▶ [Input data]
========================================================================
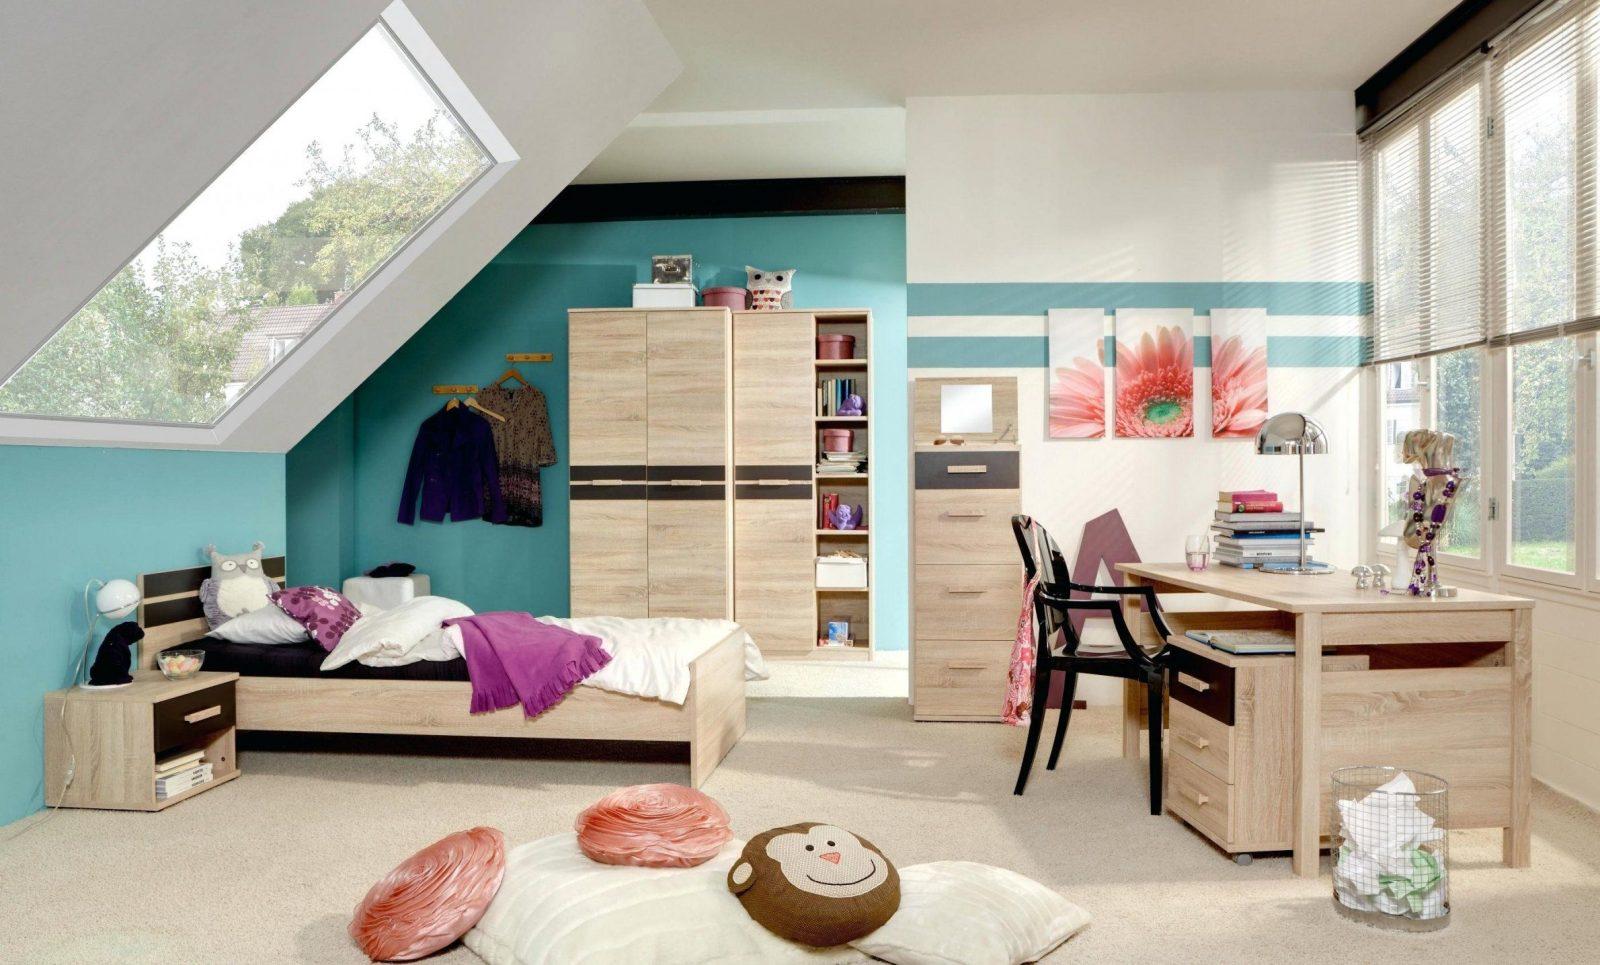 ... Moderne Jugendzimmer Madchen Mobel Gestaltung U2013 Venturecollective Von  Jugendzimmer Für Jungs Modern Photo ...
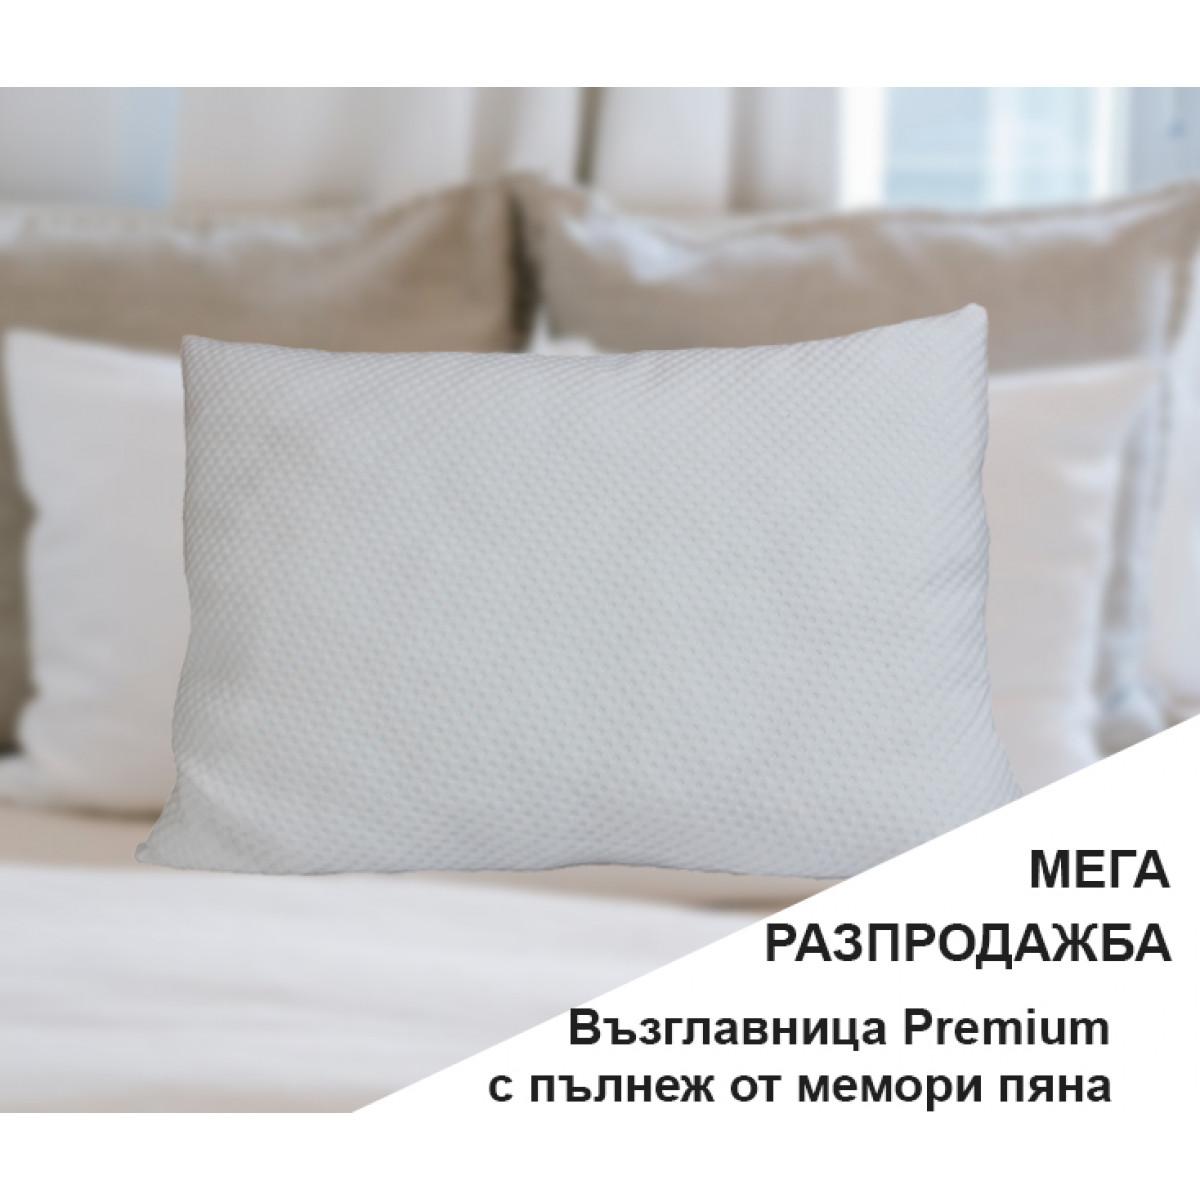 Възглавница Premium 50/70 см, с пълнеж от мемори пяна
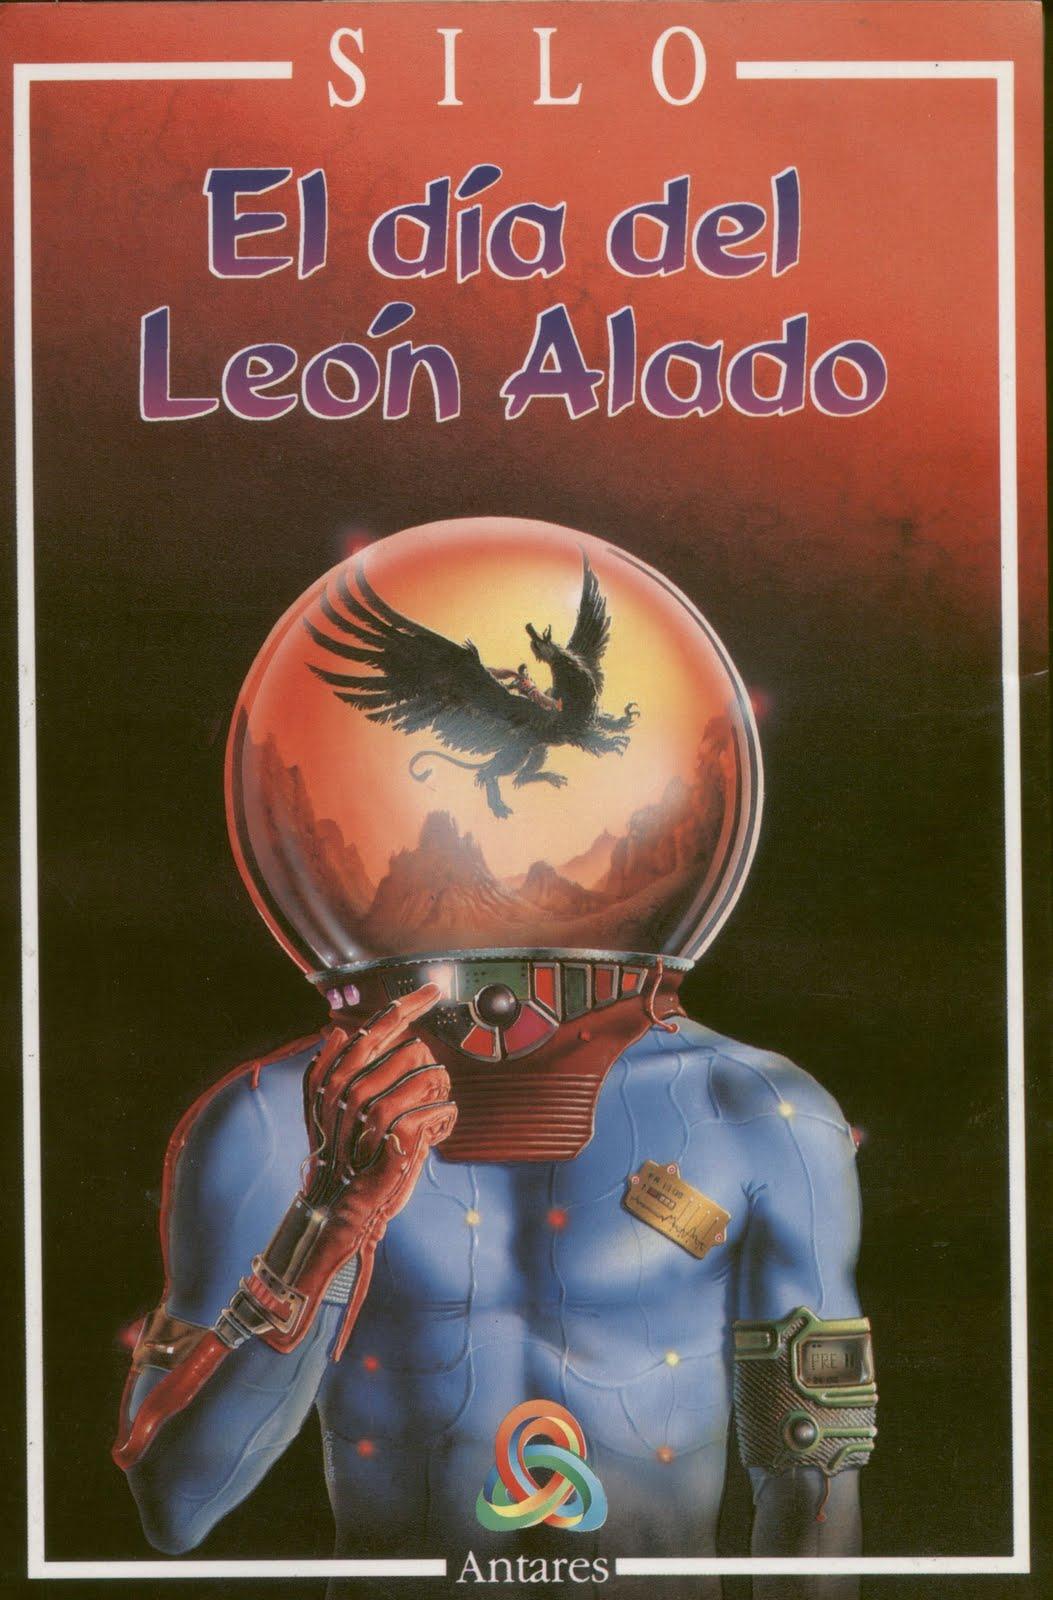 https://3.bp.blogspot.com/-eiX3Pn3t78I/TaVcN1hhe0I/AAAAAAAAADQ/7s0FGTutPoY/s1600/el+dia+del+leon+alado.jpeg
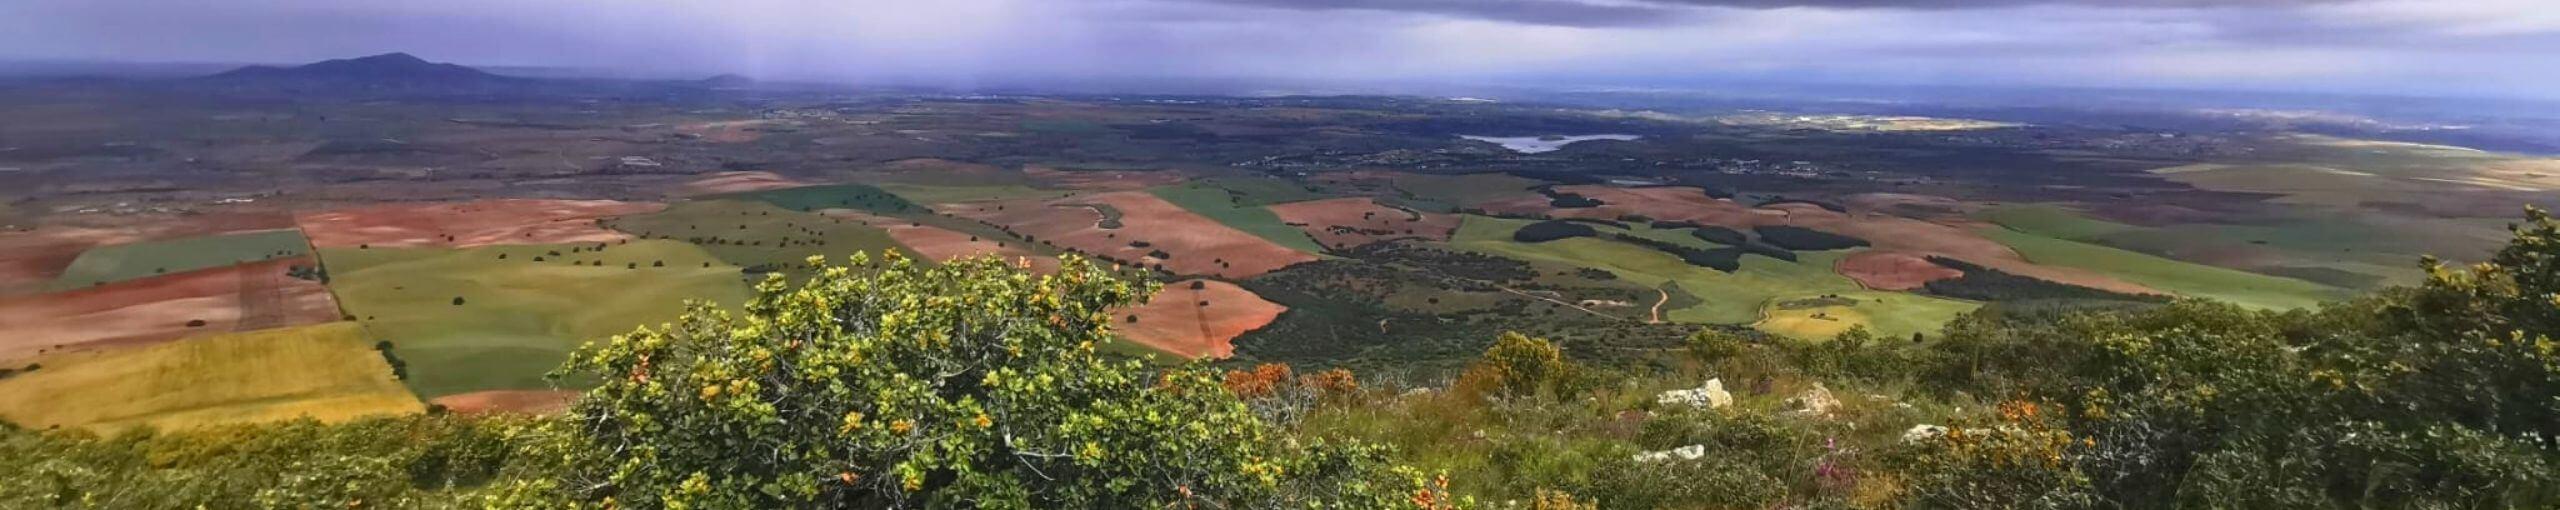 Sierra de Layos, Toledo. Castilla La Mancha.
========================================================================
It would help to have the listing above repeated exactly, with all images removed.

▶ [Task answer]
 ... Moderne Jugendzimmer Madchen Mobel Gestaltung U2013 Venturecollective Von  Jugendzimmer Für Jungs Modern Photo ...
 Възглавница Premium 50/70 см, с пълнеж от мемори пяна
 https://3.bp.blogspot.com/-eiX3Pn3t78I/TaVcN1hhe0I/AAAAAAAAADQ/7s0FGTutPoY/s1600/el+dia+del+leon+alado.jpeg
 Sierra de Layos, Toledo. Castilla La Mancha.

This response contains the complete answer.